A rare chance to buy?

But I’m not here to complain. Instead of panicking, I actually think now could be a rare opportunity to load up on bargains. A chance to add high-quality businesses to my portfolio for a slashed price? Yes, please.

The average price-to-earnings (P/E) ratio of the FTSE 100 sits at 10.5. That’s dirt cheap. For comparison, the FTSE 250 average is 12.5. Across the pond, the S&P 500 averages 23.3, while the Nasdaq 100 is over 30.

Of course, those American indices have historically been more expensive than what we have to offer here in the UK, so there’s that to consider. That said, 10.5 still looks cheap compared to the FTSE 100’s historical figures.

Lately, I’ve been taking action and snapping up some shares with attractive valuations. A few honourable mentions include Barclays (6.3), Legal & General (6.9), and BP (4.2).

One on my list

However, it’s one stock that I’ve had in my holdings for a while that I’m keen to top up on. That’s Lloyds (LSE: LLOY).

In the last five years, its share price has been largely uninspiring. Across that time, it’s fallen 23.6%. However, now at 49.5p, I’m sensing a buying opportunity.

It currently trades on a P/E ratio of just 6.5. On top of that, its price-to-book ratio, a common valuation metric used for banks, is just 0.67.

To go alongside its low valuation is a juicy 5.6% dividend yield. Dividends are never guaranteed. However, covered three times by trailing earnings, I have confidence in Lloyds paying out.

What’s more, its yield tops the FTSE 100 average of 3.9%. And with the business hiking its dividend by 15% to 2.76p, along with announcing a £2bn share buyback scheme, investors are hopeful of more to come.

Actions surrounding interest rates have impacted the bank’s performance recently and will continue to do so going forward. Higher rates have boosted its net interest margin, which rose 17 basis points to 3.11% in 2023. However, as rates are cut, which is expected to begin towards the back end of this year, this could see its profits decline.

As the UK’s largest mortgage lender, its share price is also closely tied to the property market, which has wobbled in recent times. However, Halifax’s latest house pricing index showed property prices had risen for the fifth consecutive month. That’s a major positive for the bank.

As inflation falls, I’m hopeful the stock will be provided with further momentum. And at its current price, I think it looks too cheap to ignore.

The businesses I buy today I plan to own for the decades to come. With that, I think Lloyds could be a long-term winner in my portfolio. With any cash I have, I want to increase my position.

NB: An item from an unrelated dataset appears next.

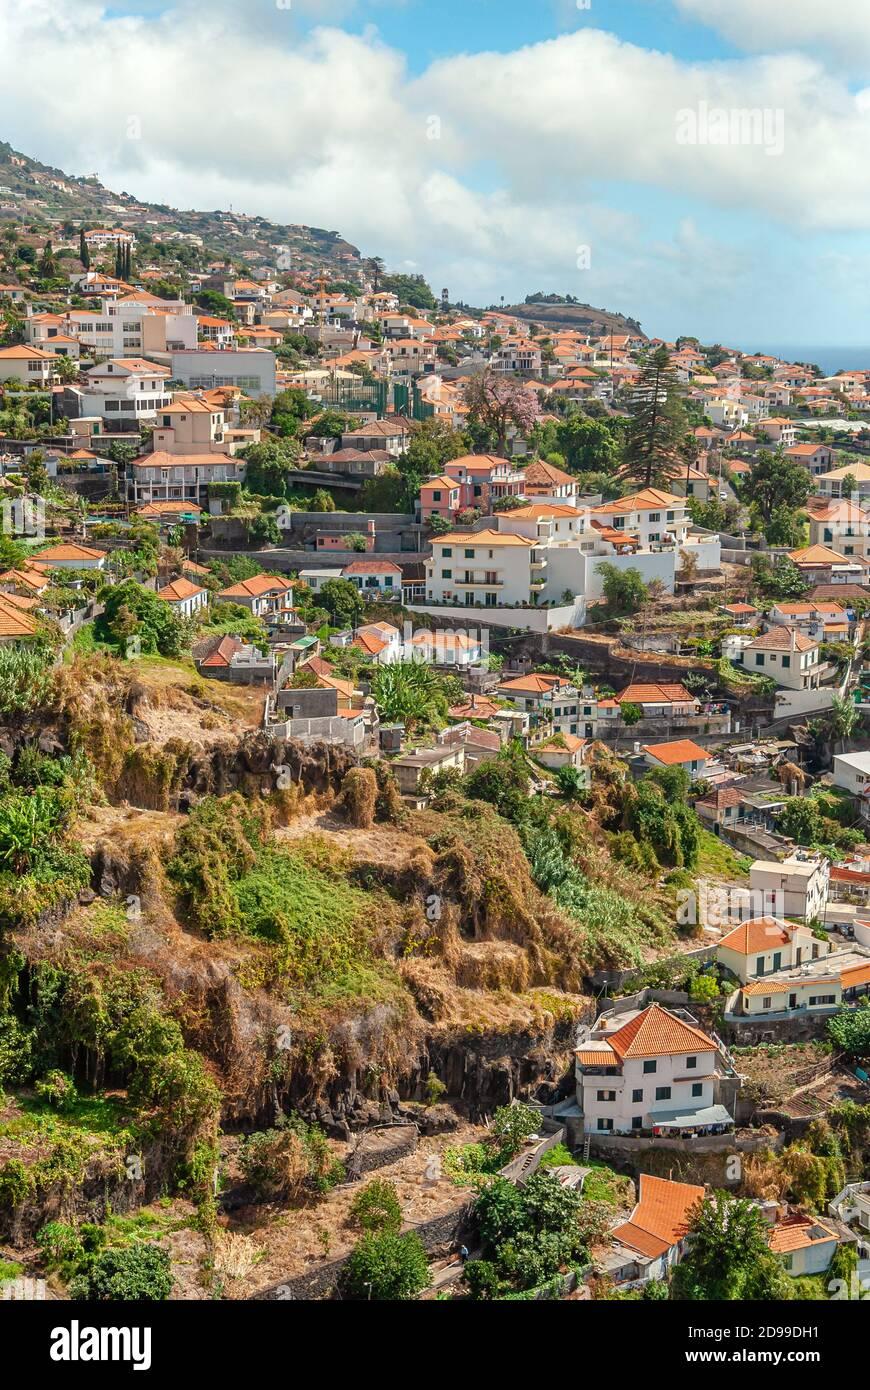 Vue sur Funchal, l'île de Madère, Portugal Banque D'Images

Charlie Keough has positions in Barclays Plc, Bp P.l.c., Legal & General Group Plc, and Lloyds Banking Group Plc. The Motley Fool UK has recommended Barclays Plc and Lloyds Banking Group Plc. Views expressed on the companies mentioned in this article are those of the writer and therefore may differ from the official recommendations we make in our subscription services such as Share Advisor, Hidden Winners and Pro. Here at The Motley Fool we believe that considering a diverse range of insights makes us better investors.

More on Investing Articles

Man putting his card into an ATM machine while his son sits in a stroller beside him.
Investing Articles

As the Lloyds share price heads towards a pound, is it still a bargain?

The Lloyds share price has been on a roll over the past few years. Our writer gives his take on…

Read more »

Warren Buffett at a Berkshire Hathaway AGM
Investing Articles

Can someone invest like Warren Buffett with a spare £500?

Christopher Ruane explains why an investor without the resources of billionaire Warren Buffett could still learn from his stock market…

Read more »

Investing Articles

Can these 2 incredible FTSE 250 dividend stocks fly even higher in 2026?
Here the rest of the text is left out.